The Way to the Stars (d. Anthony Asquith, 1945) is one of the most effective and understated films about the conflict made during the Second World War, though it features no combat scenes and only three (brief) shots from inside a cockpit. Taking its title from the Latin script on the Royal Air Force coat of arms - 'Per ardua ad astra' - its genesis lay in the RAF experiences of playwright Terence Rattigan, which he initially used in his play Flare Path.
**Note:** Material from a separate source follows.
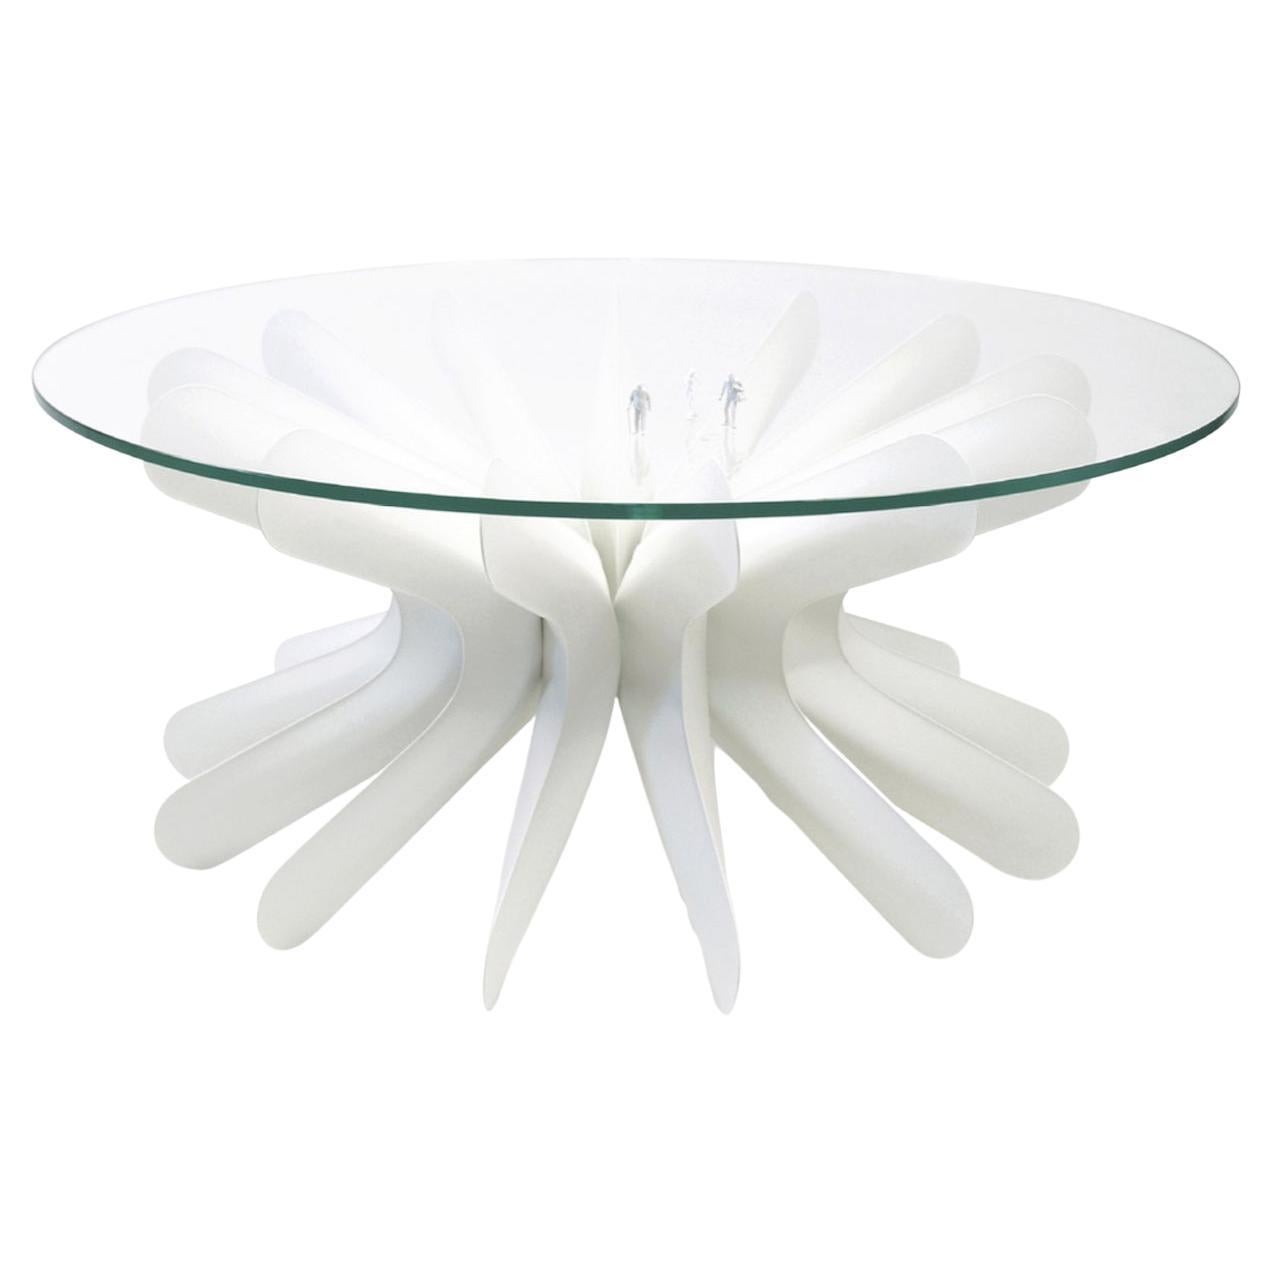 Contemporary Coffee Table 'Steel in Rotation No. 1' by Zieta, Large, White Matt
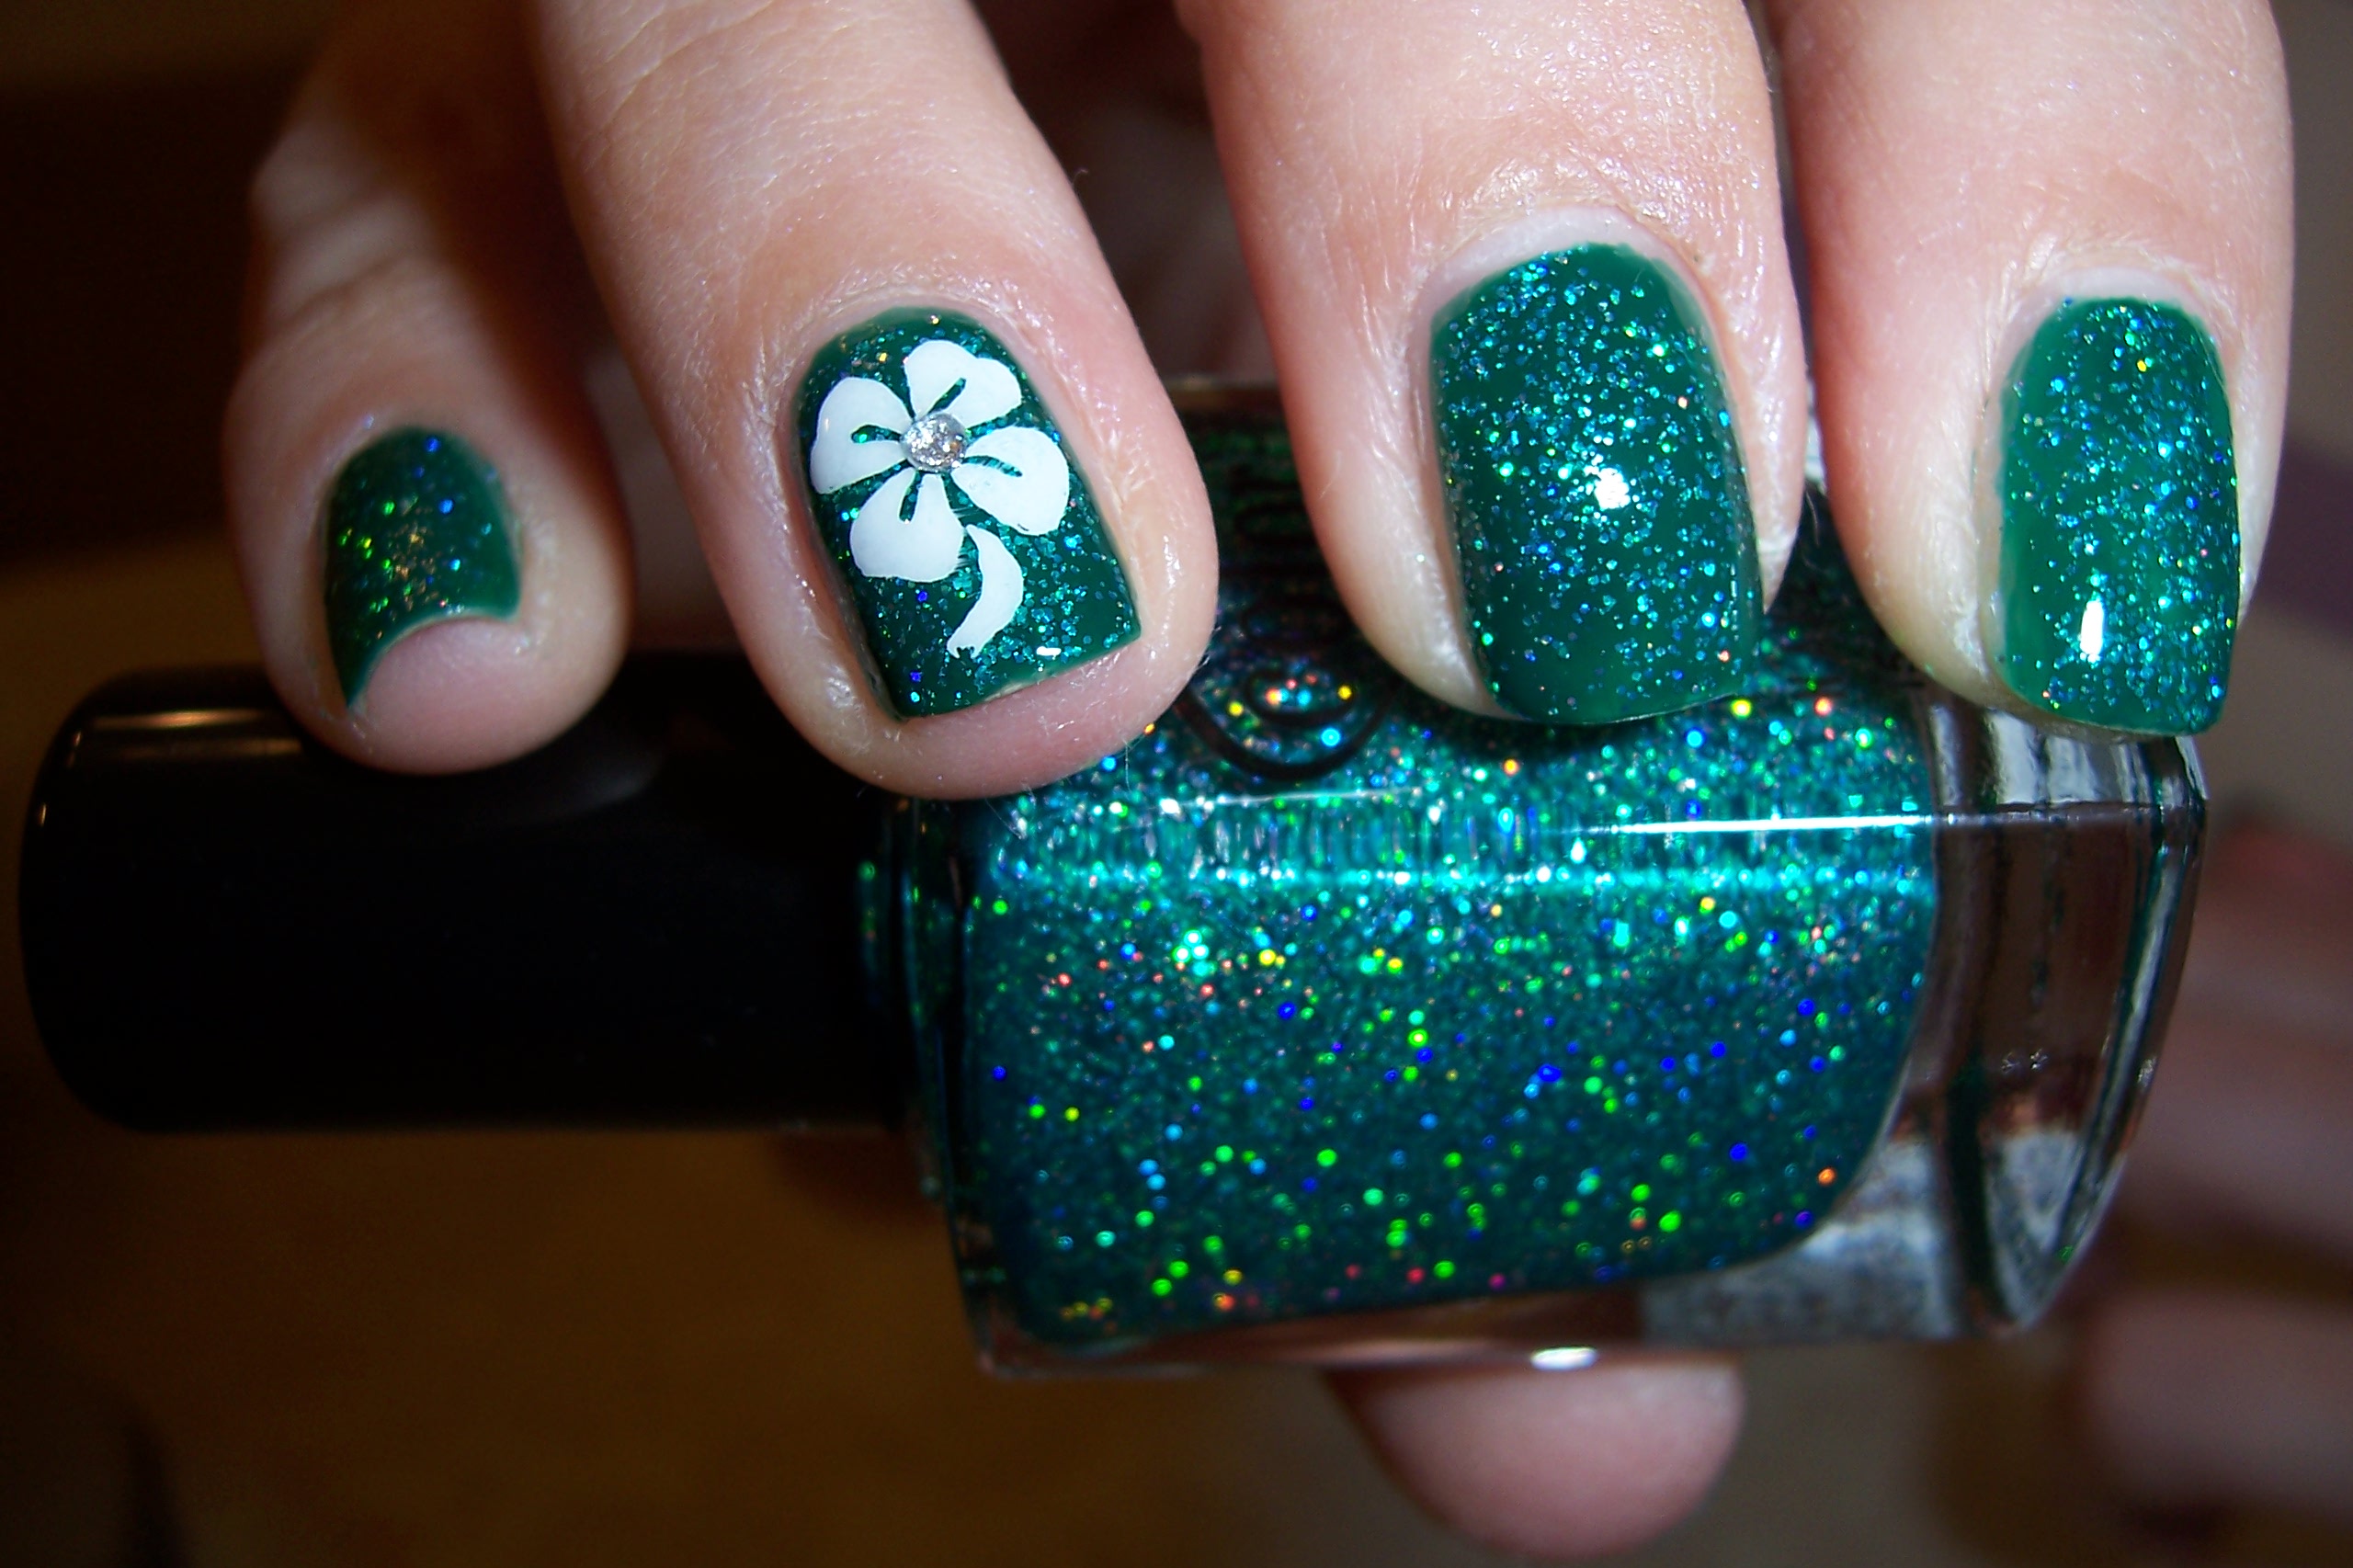 2. Green and Gold Nail Design - wide 3

Rattigan eventually re-shaped this material into a screenplay in collaboration with producer Anatole de Grunwald and Anthony Asquith, who directed ten films taken from his work.
The film is told in flashback and is set between 1940 and 1944. The celebrated opening sequence is made up of a series of elaborate tracking shots that survey the now abandoned airbase, casually introducing a number of props and motifs that will be referred to at later points in the film. This approach was later emulated in the Hollywood film about American bombing raids over Germany, Twelve O'Clock High (d. Henry King, 1949).
Seen today, the film's reserve and low-key approach could make some viewers dismiss it as merely another example of the 'stiff upper lip' school of filmmaking. However, like Brief Encounter (d. David Lean, 1945), The Way to the Stars effectively comments on the traditional emotional reticence of the British by weaving a critique of it into the fabric of the story, turning it into a theme of the film. The introduction in the film's second half of the American flyers (as exemplified by the wise-cracking Bonar Colleano, making his film debut) further emphasises this. It also puts into relief the film's main focus - Penrose's development from callow youth into a burned-out, emotionally detached pilot, and his eventual return to life and love. In this respect at least the film has much in common with the more flamboyant A Matter of Life and Death (d. Michael Powell/Emeric Pressburger, 1946).
Although attributed to Michael Redgrave's character, the poems in the film were the work of John Pudney, who served in the RAF and who wrote For Johnny during an air raid in 1941. Its popularity inspired the American release title of the film, Johnny in the Clouds, taken from the poem's opening lines: "Do not despair/For Johnny-head-in-air/He sleeps as sound/As Johnny underground/Fetch out no shroud/For Johnny-in-the-cloud".